On October 28th, 2022 Sony Classical released the latest recording from the exceptional Norwegian pianist Leif Ove Andsnes. This latest CD features Antonin Dvorak’s rather unfamiliar thirteen piano pieces that are called his Poetic Tone Pictures.
This music is quintessentially Czech, but has the same intimacy and friendliness as Robert Schuman’s great piano cycles. Each of the pieces in the Poetic Tone Pictures paints a musical picture or postcard of a very specific mood or character; each of the pieces telling their own very distinct story.
Written in the spring of 1889, the Poetic Tone Pictures were composed at a time when Dvorak was turning more and more towards programmatic music.

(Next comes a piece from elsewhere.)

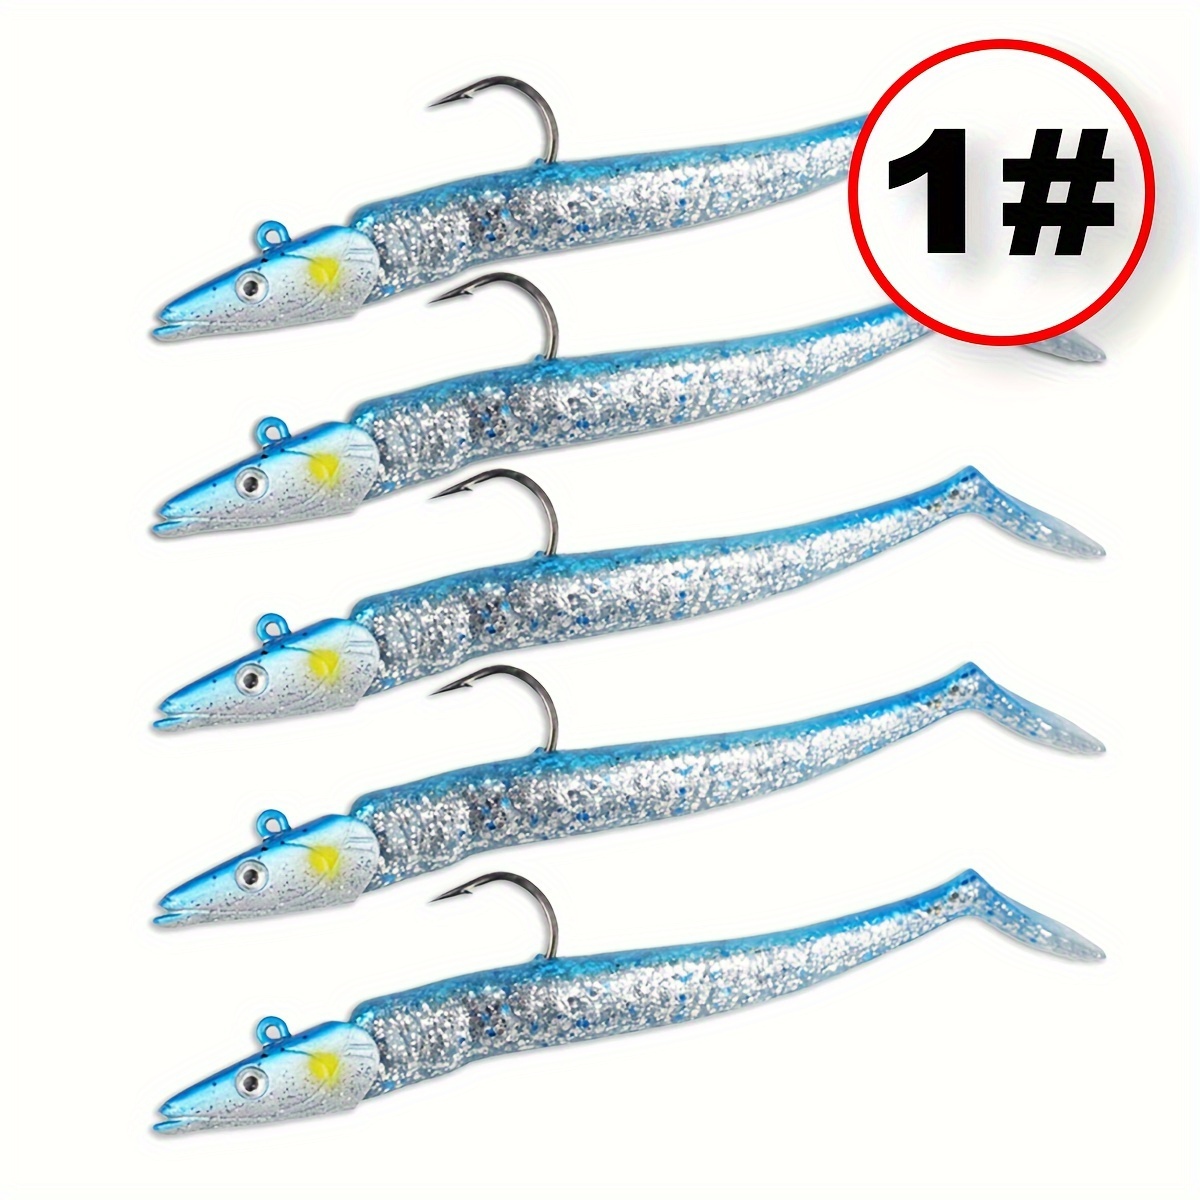 5pcs 14cm Soft Fishing Lure, Paddle Tail Swimbait With Jig Head For  Saltwater Freshwater Fishing, Detachable Lure For Bass Walleye Rockfish

All of these pieces are real gems for the piano. After hearing them, it raises the question for the listener, ‘why are these pieces so obscure?’ “It’s very curious, “states Andsnes, “He (Dvorak) has a reputation of not being able to write well for the piano. It derives from the fact that he was not a pianist…he was a string player. There are some awkward moments when you play these pieces…on the other hand he writes so colorfully, so wonderfully for the piano…so full of different textures for each piece and different technical challenges, as well as the music which is of course glorious! It’s just a miracle to find this kind of music that people don’t really play.”

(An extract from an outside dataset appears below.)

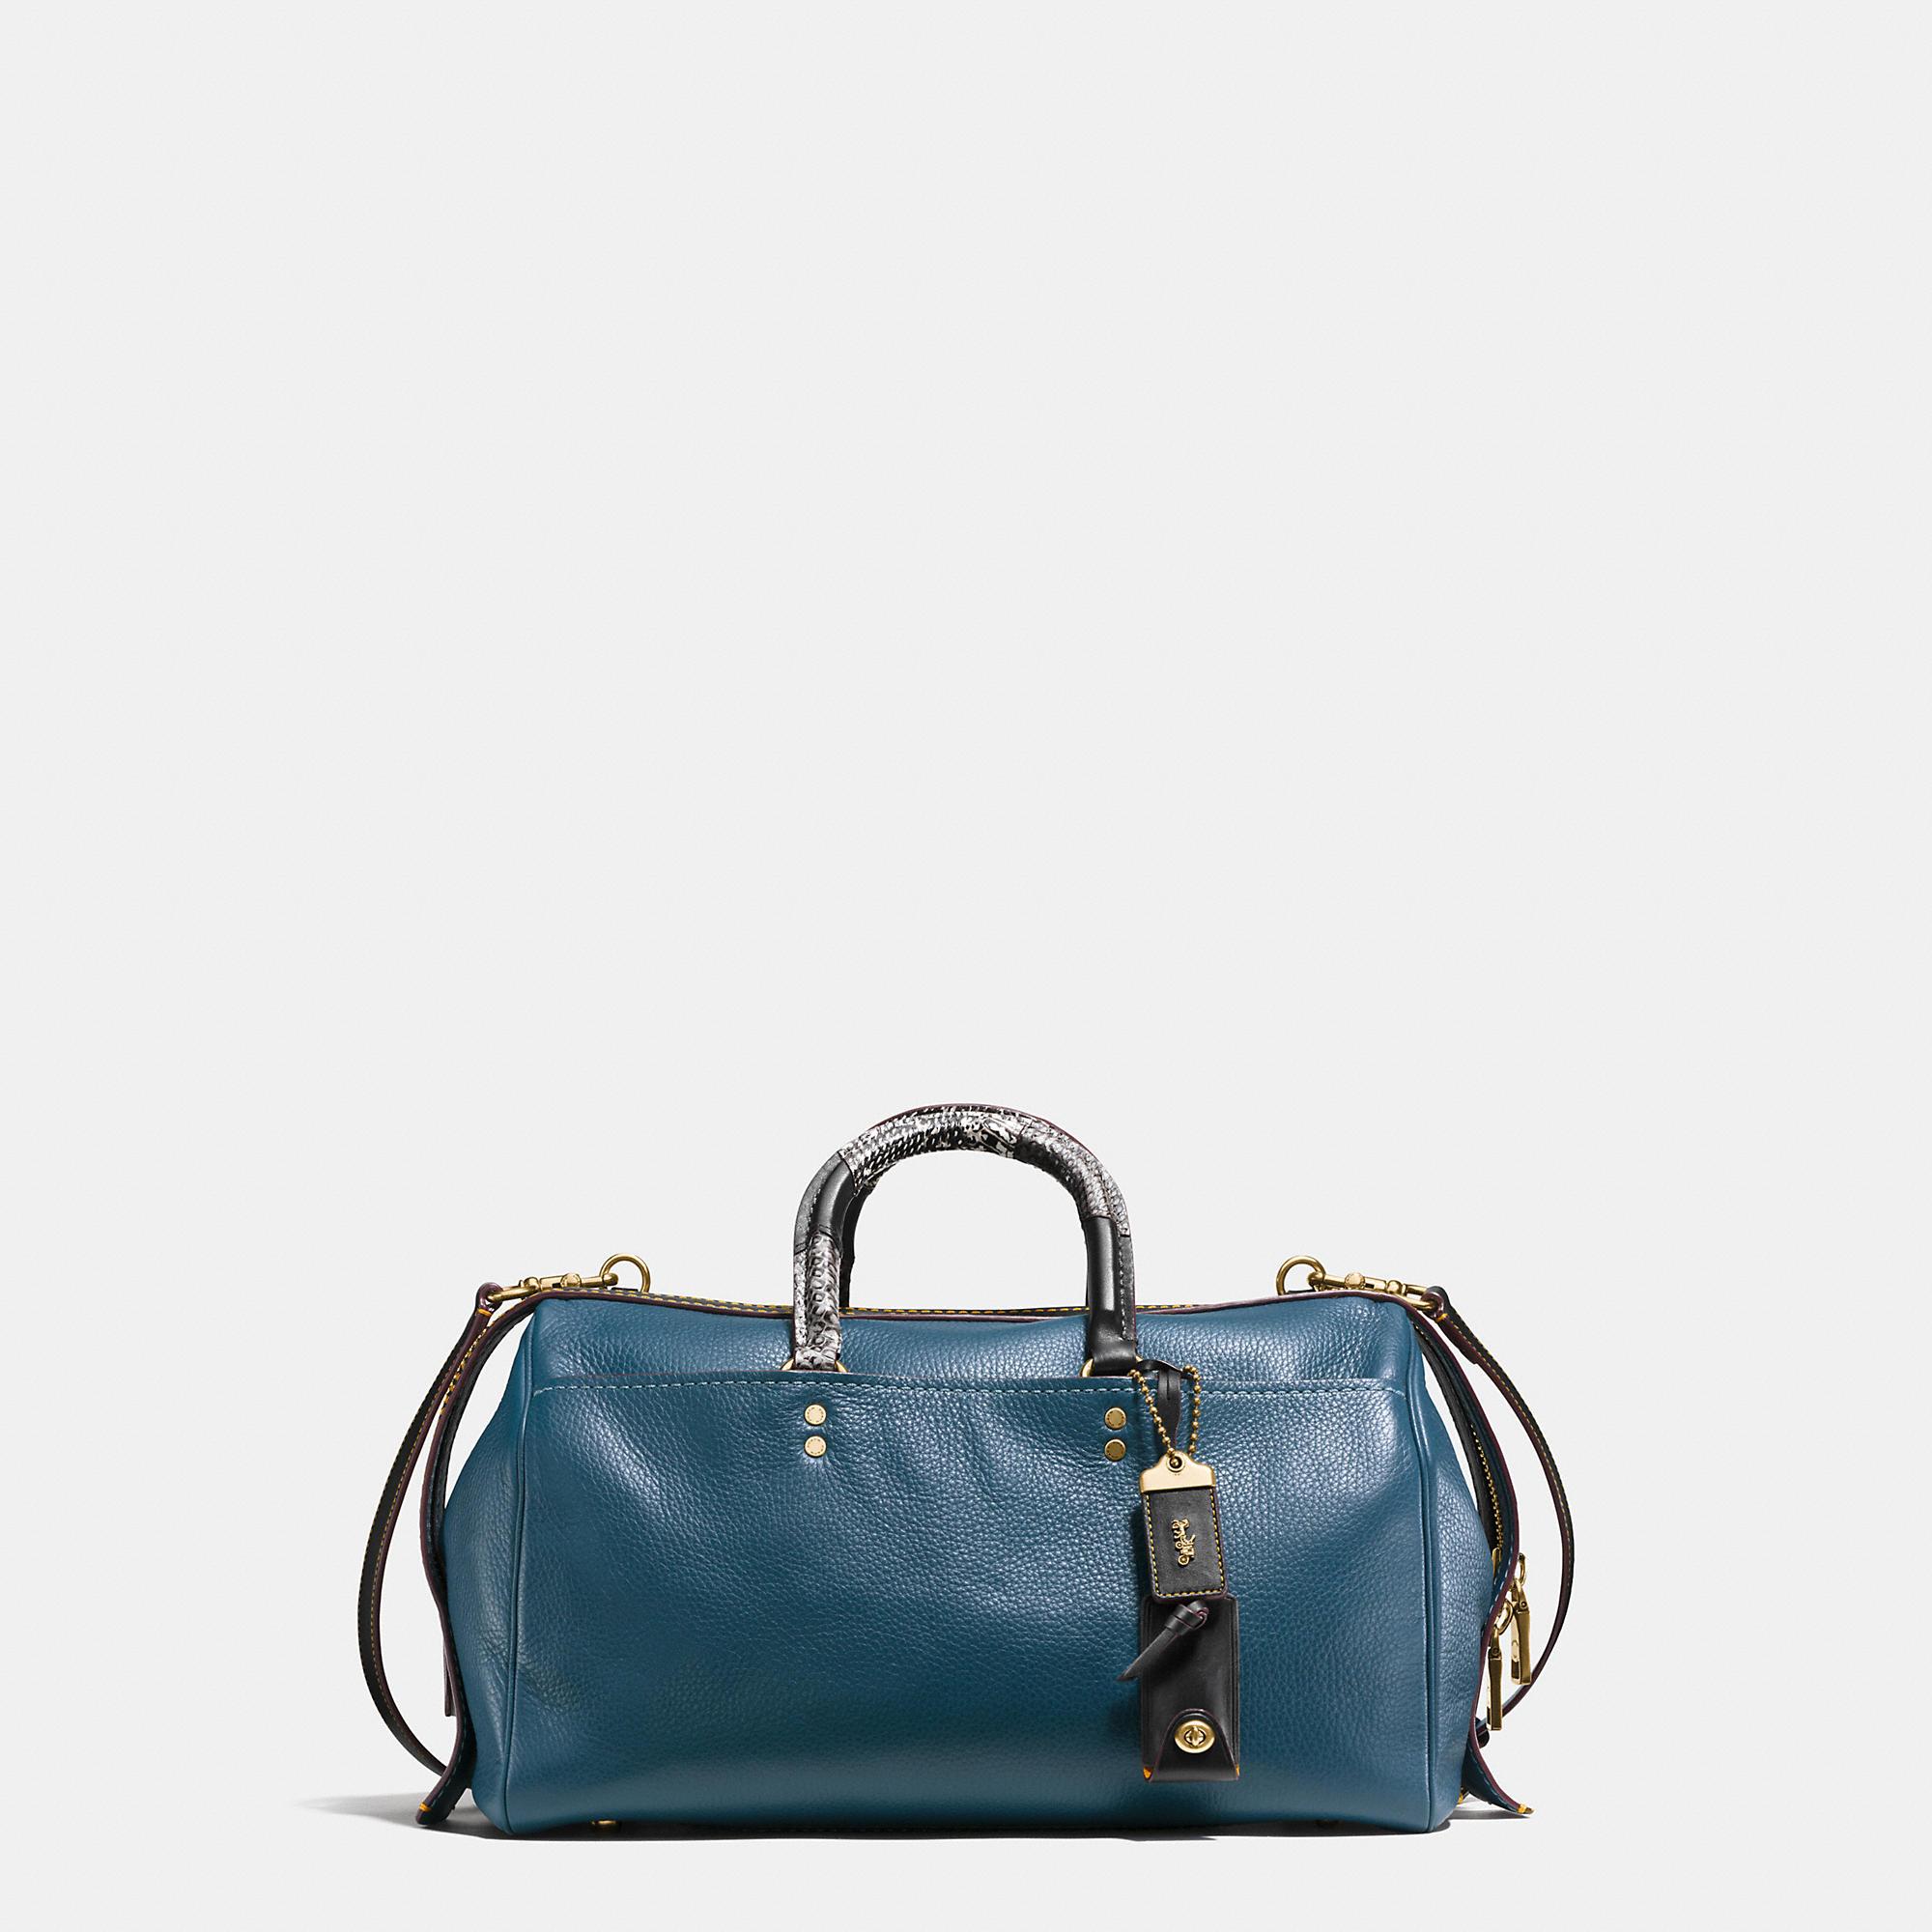 Lyst - Coach Rogue Satchel In Glovetanned Pebble Leather With Patchwork ...

Andsnes has had a long relationship with these pieces. “I’ve known at least some of them since I was a child. My father picked up; rather randomly in London an LP of these pieces with the Czech pianist Radoslav Kvapil…and I remember listening to the first ones when I was a child and I liked them very much. I played the very first one in the youth competition when I was 12, and it’s been in the back of mind that I should look at more of them,” explains Andsnes.

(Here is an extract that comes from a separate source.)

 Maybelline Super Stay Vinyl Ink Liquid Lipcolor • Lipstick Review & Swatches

The pandemic offered Andsnes the time to learn all of the Poetic Tone Pictures. The drive to learn all thirteen of them was spurred on by a quote by Dvorak. As Andsnes explains “I found a quote a few years ago by Dvorak that said ‘Only by playing all of the pieces together can one really understand my intention’...this quote got me very curious, and when the pandemic was over us then I thought maybe that is one of the things I should study now that I have a bit more time at home. And so I did. It has been a great discovery!”
The decision to perform them all as a cycle now makes sense to Andsnes. “It is a very special feeling to play them all as a cycle. I do understand what Dvorak meant. It makes for such a contrasting journey between sort of very spiritual mysterious pieces and other very playful ones, and very intimate ones. It makes us all feel like we’ve all been through this great journey. I love the way it feels at the end, when we have been through it all.”
The Poetic Tone Pictures by Dvorak are a very welcome discovery for any listener. These are pieces that should be performed in concert much more frequently than they are. Andsnes plays them with all with beauty and style and with all of the captivating colors and textures that Dvorak demands.
Let Leif Ove Andsnes be your guide on this Poetic Tone Picture journey. You won’t regret it!